The COIL that is used with an igniter is only a single winding although you will see some engine folks using the primary side of an automotive coil for convenience sake. This coil is made up of a long iron core wound with a considerable length of low resistance insulated copper wire. Just about any soft iron cored coil will provide enough inductance to snap a spark on the igniter, the length of the core and the number of turns of insulated wire determining the strength of the spark. The coil of wire is wound over a soft iron core to increase its inductance (self induction) many fold over an air core. Soft iron does NOT hold a magnetic charge well and therefore when the circuit is opened, the rapidly collapsing field provides an "inductive kick" on the order of many hundreds of volts. (I supposed this became known as a "kick" because some poor soul had a grip on the wires and got KICKED in the process.) (Maybe TENSION is what he felt afterward!)

A BATTERY provides the current that builds up the magnetic charge in the coil. Battery life is important, so some igniters are normally open, shutting and reopening only as a spark is needed. As long as the points are open, no BATTERY power is being consumed. However, the opened points can become fouled more easily than closed points so other battery saving methods have been used.
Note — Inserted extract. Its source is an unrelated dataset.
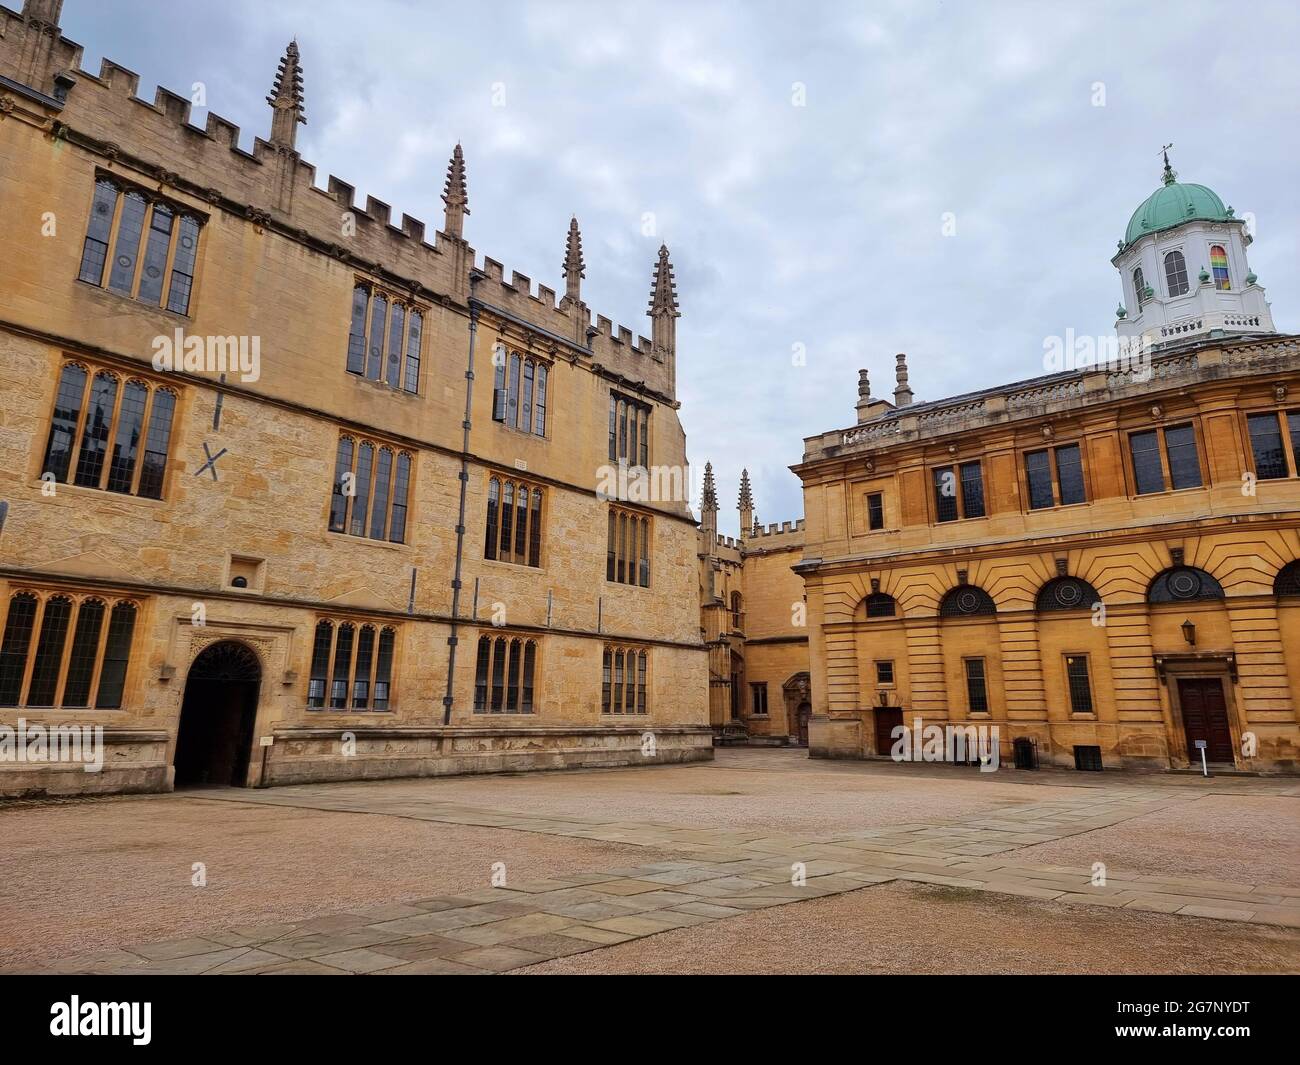 Blick auf die berühmte Bodleian Library in Oxford, England. Die Bodleian Library ist die wichtigste Forschungsbibliothek der University of Oxford und eine der ältesten Bibliotheken in Europa, die ihren Namen vom Gründer Sir Thomas Bodley erhielt. Mit über 13 Millionen gedruckten Artikeln ist sie nach der British Library die zweitgrößte Bibliothek Großbritanniens. Oxford-Gelehrte sind als „Bodley“ oder „The Bod“ bekannt, sie arbeiten hauptsächlich als Referenzbibliothek und dürfen im Allgemeinen keine Dokumente aus den Lesesälen entfernen. Vereinigtes Königreich. Stockfoto

Since the exhaust valve is held open on hit and miss governed engines to prevent over-speed conditions by free breathing, this linkage can also be used to hold OPEN the battery circuit. When the flywheel speed falls below the governor set point, the exhaust valve is allowed to close and the intake valve will allow the piston to suck in a new charge of fuel mixture on the next intake stroke. The battery charges up the coil, the fuel mixture is compressed, and then the breaking igniter points fire the mixture, the engine speeds back up and the exhaust valve is held open again until power is demanded. The exhaust valve closure is a typical "make" for the igniter circuit and just before compression top dead center is the typical igniter "break." Many engines do not have this battery saving feature. These are set up to accomplish a quick MAKE then BREAK all in one move of the TRIP lever. This happens every fourth cycle, whether power is called for or not. Remember that the spark occurs at the instant of breaking the circuit, not at the instant of making.

Circuit One

So, the line up is: a battery, the coil, and the igniter points, and then back to the battery via the frame or ground wire. The igniter closes, initial current flows in one direction, the magnetic field builds up to saturate the iron core, the igniter opens, the magnetic field rapidly collapses causing a high voltage in the reverse direction. The resulting voltage arcs or jumps across the open gap of the igniter points, and the gas explodes.